What to do –
Print the whole listing exactly as it appears, but skip the pictures.

Start of Given material

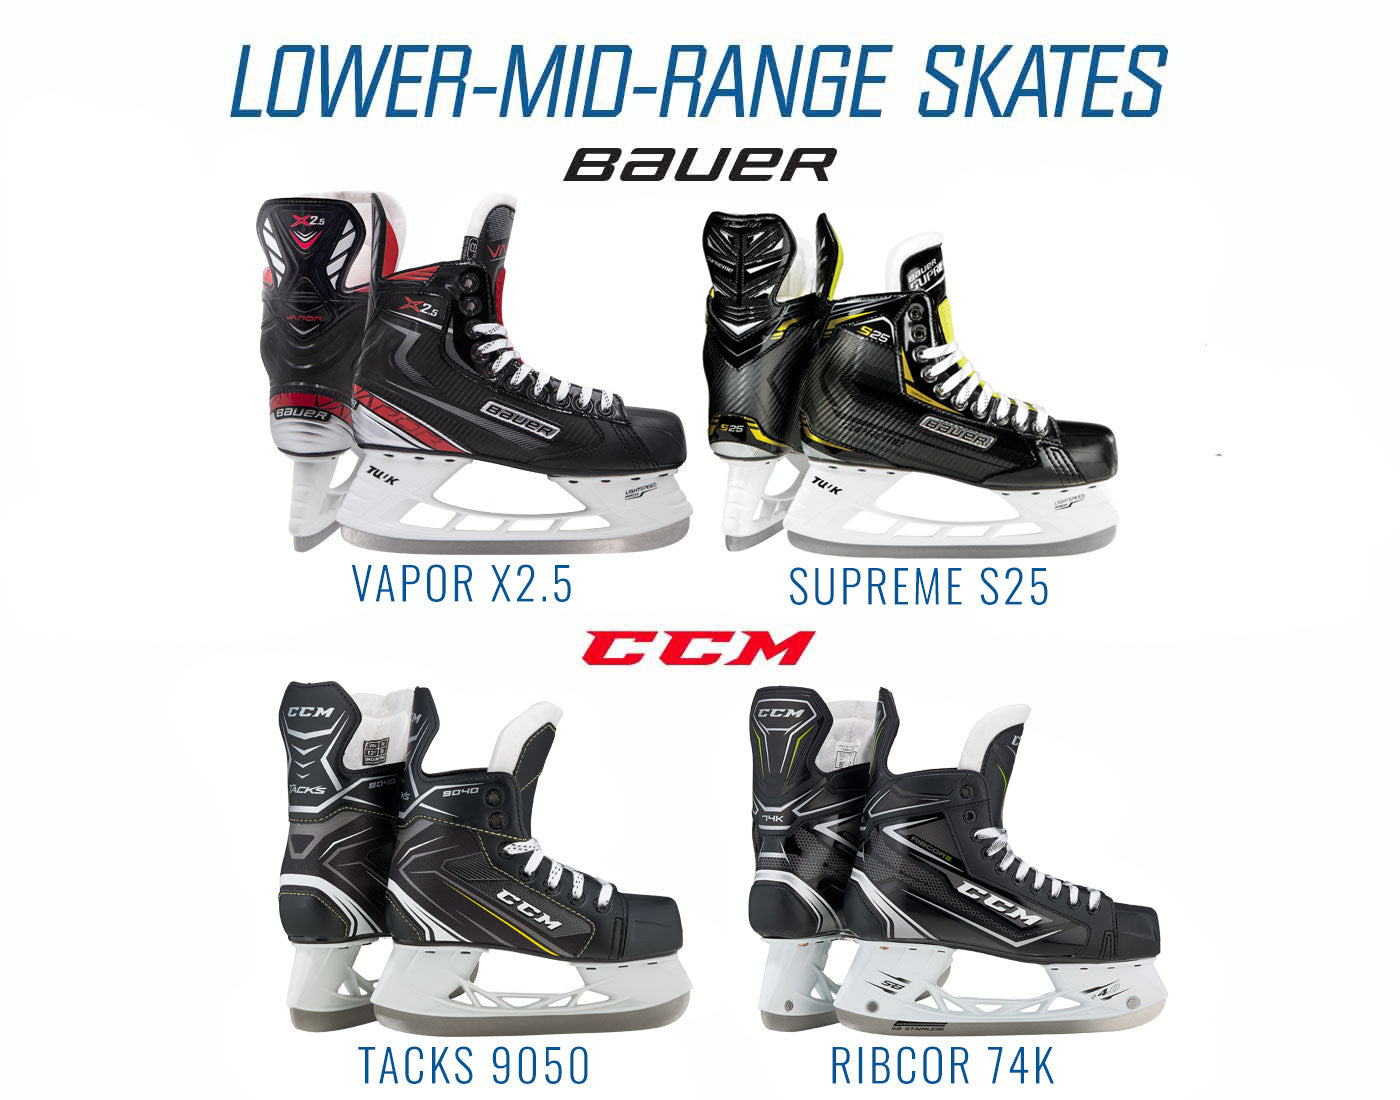 Lower-Mid-Range Skates
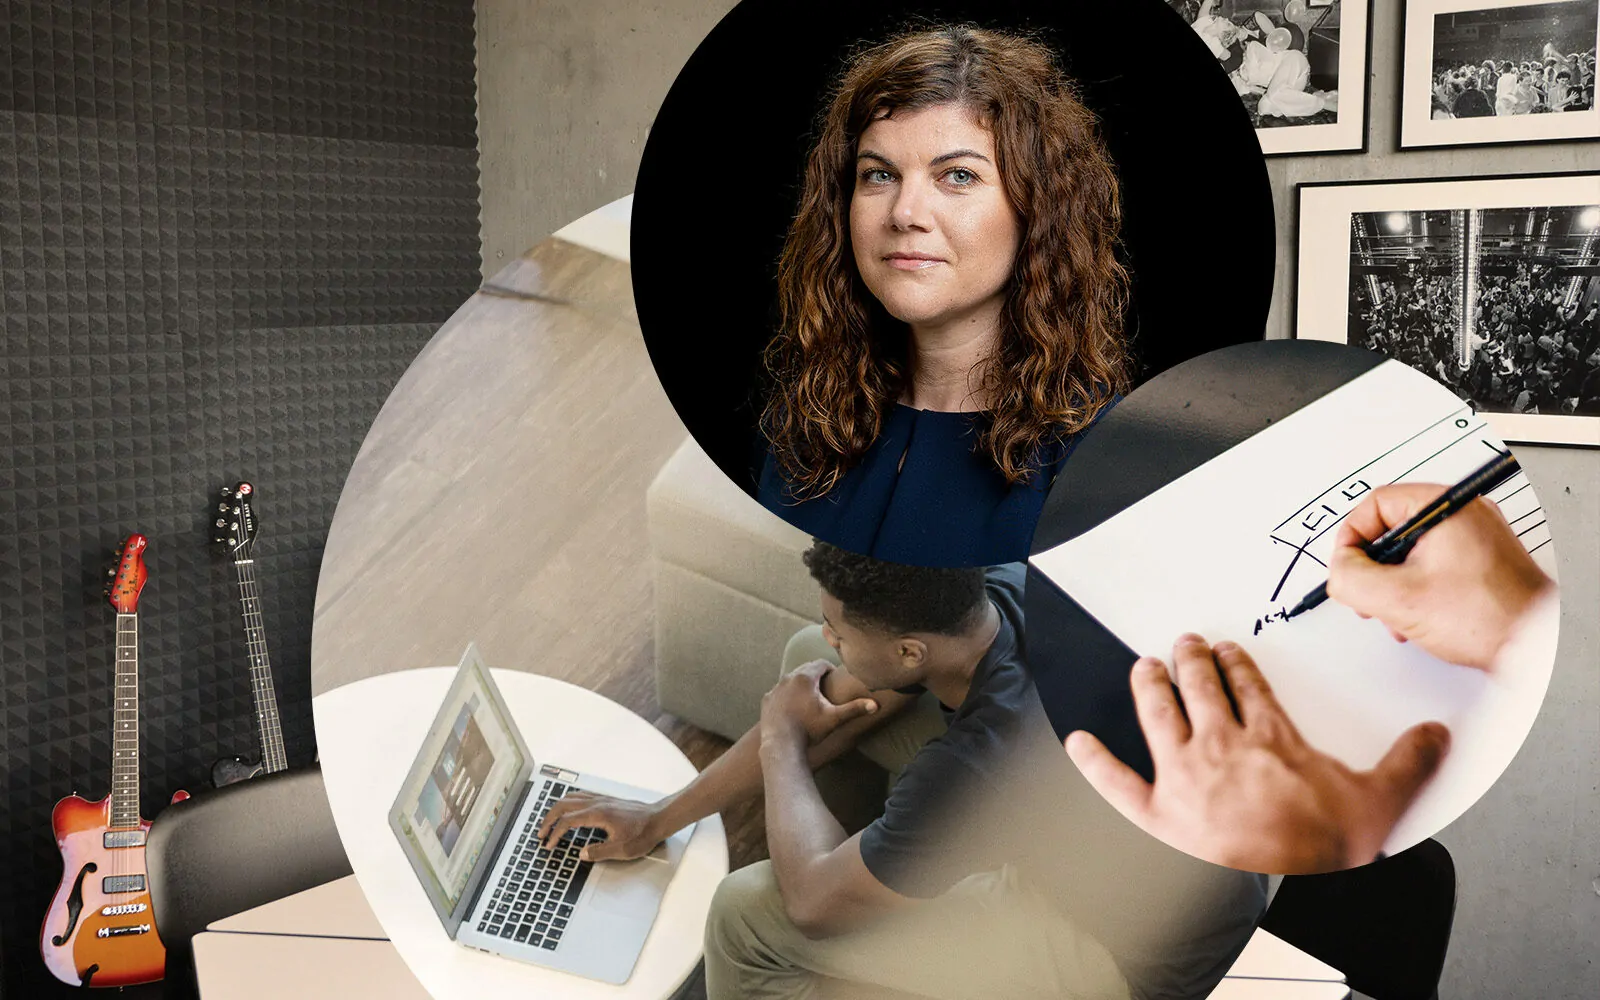 Bild von Elena Gocheva, Director of UX Strategy bei valantic, daneben eine Person, die auf ein Laptop tippt, eine Person, die etwas zeichnet | User Testing: Besser vor Ort oder remote?
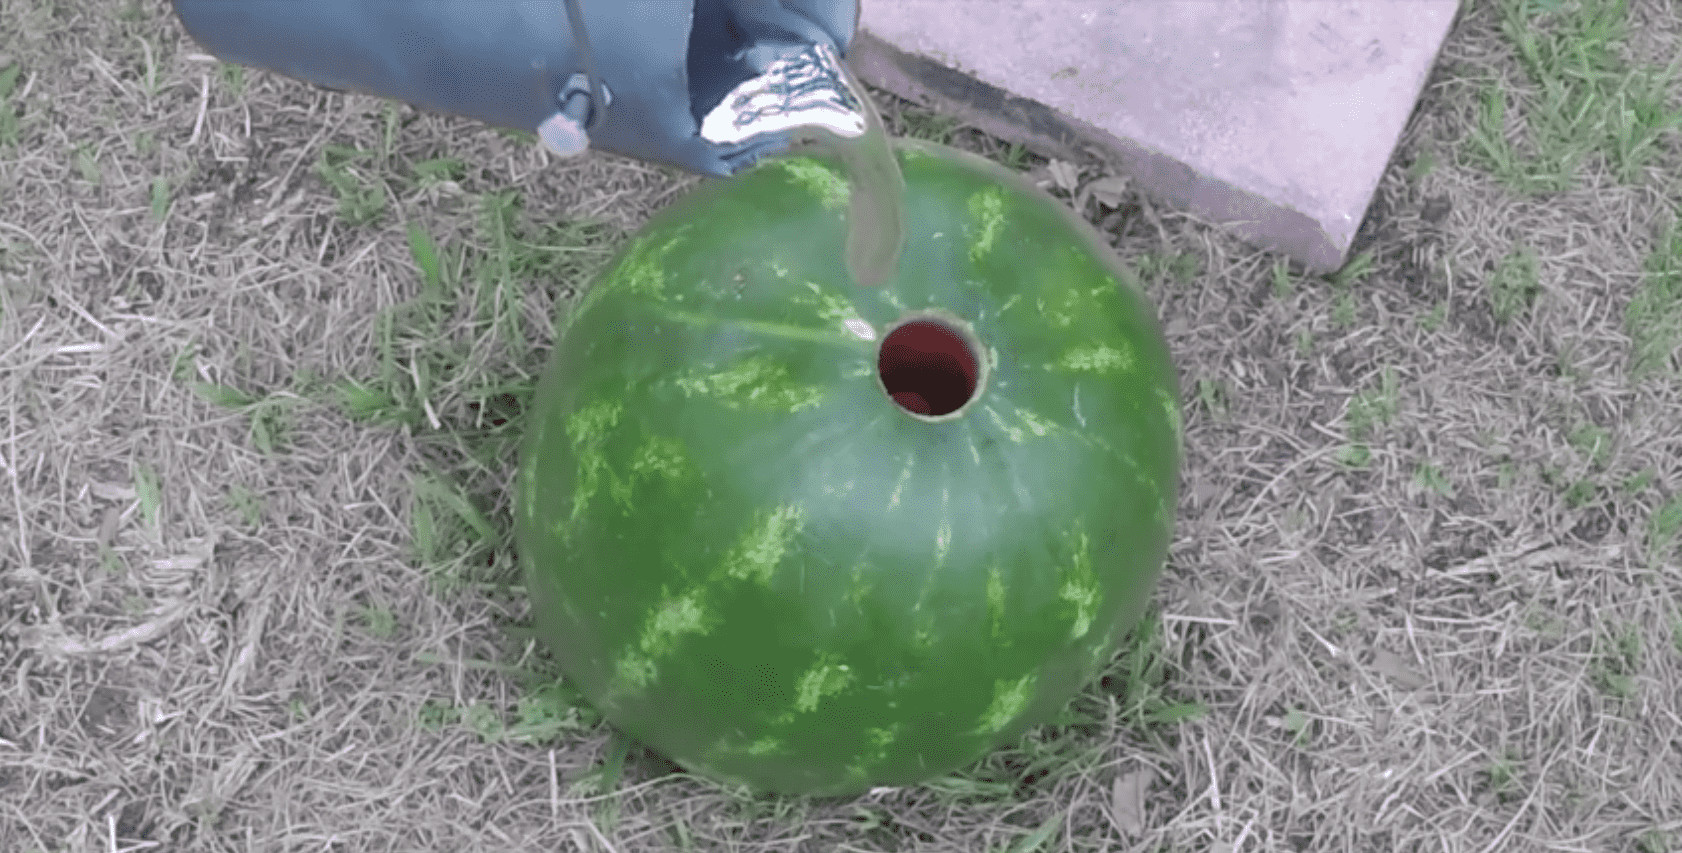 aluminium in water melon
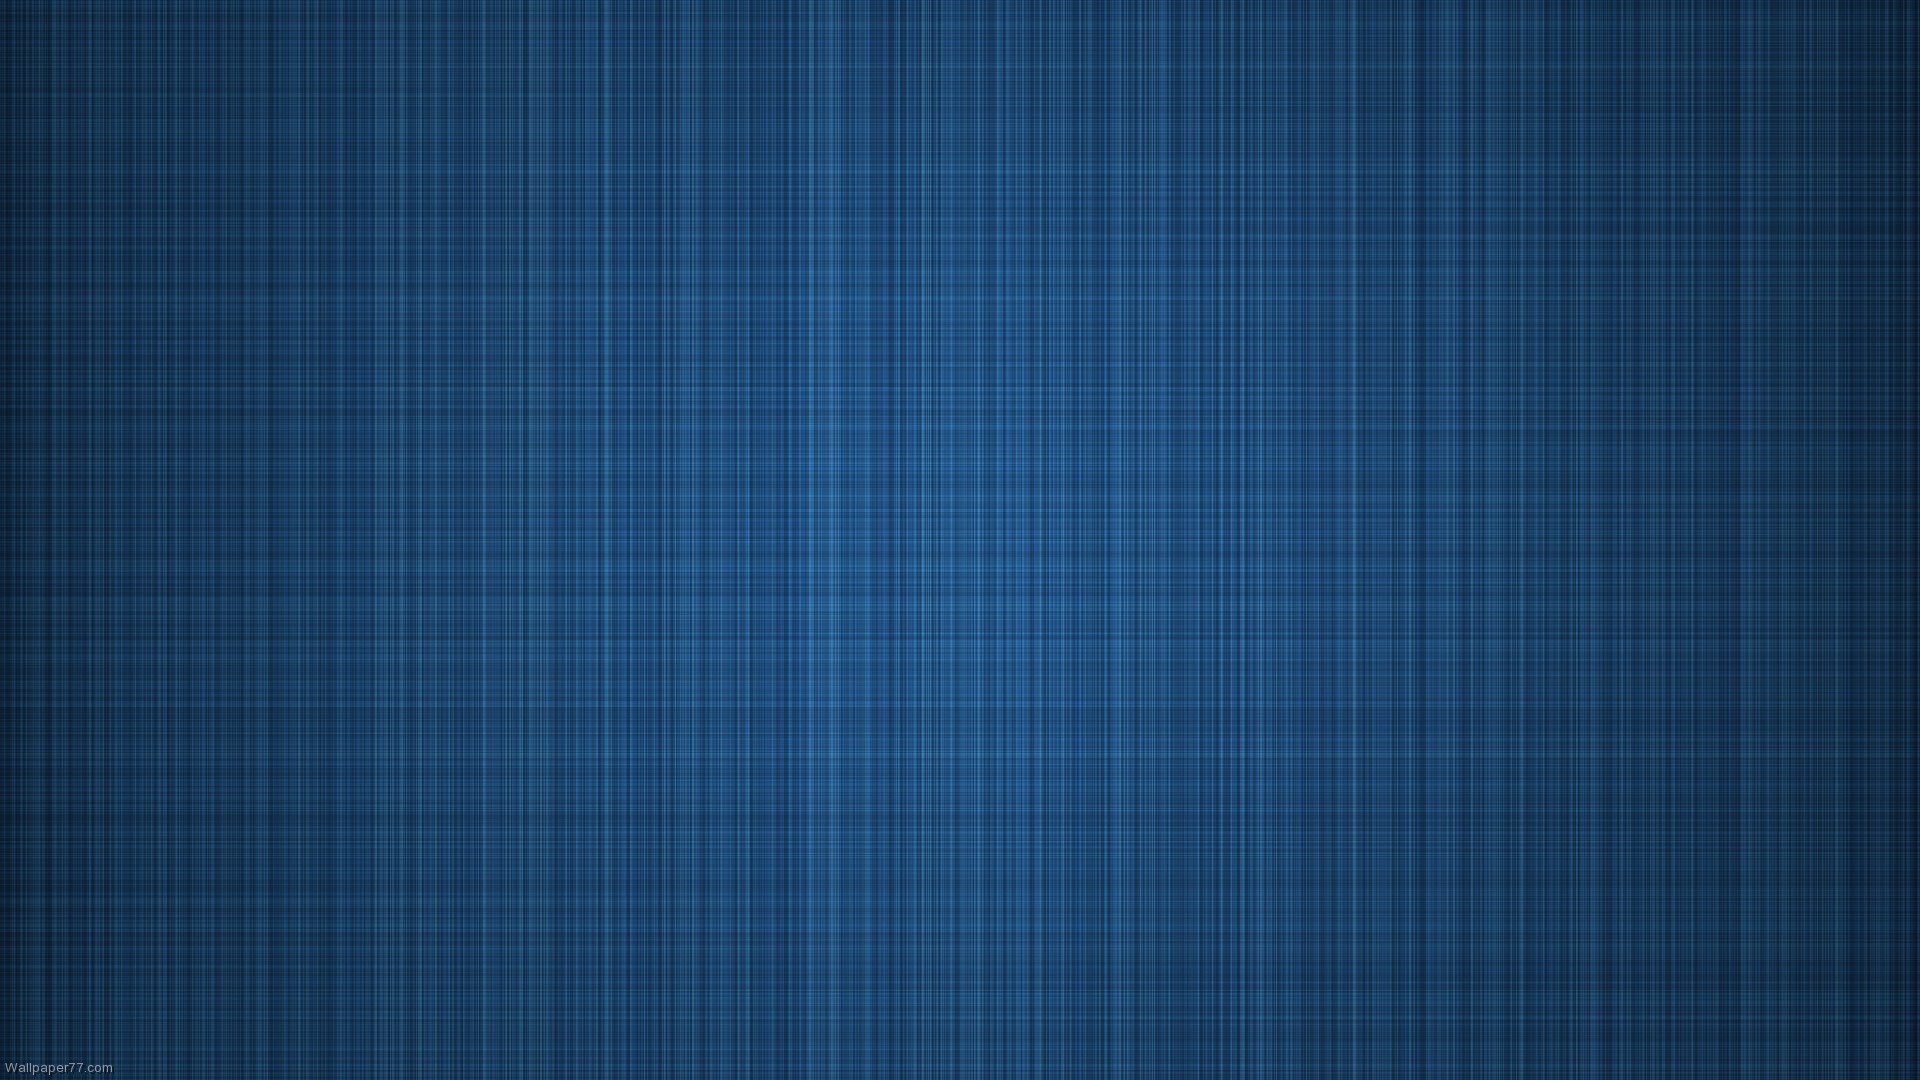 Blueprint-ipad-3-wallpaper-ipad-wallpaper-retina-display-wallpaper-the-new-ipad-wallpaper--1920x1080.jpg

End of Given material

Answer section –
 Lower-Mid-Range Skates
 Bild von Elena Gocheva, Director of UX Strategy bei valantic, daneben eine Person, die auf ein Laptop tippt, eine Person, die etwas zeichnet | User Testing: Besser vor Ort oder remote?
 aluminium in water melon
 Blueprint-ipad-3-wallpaper-ipad-wallpaper-retina-display-wallpaper-the-new-ipad-wallpaper--1920x1080.jpg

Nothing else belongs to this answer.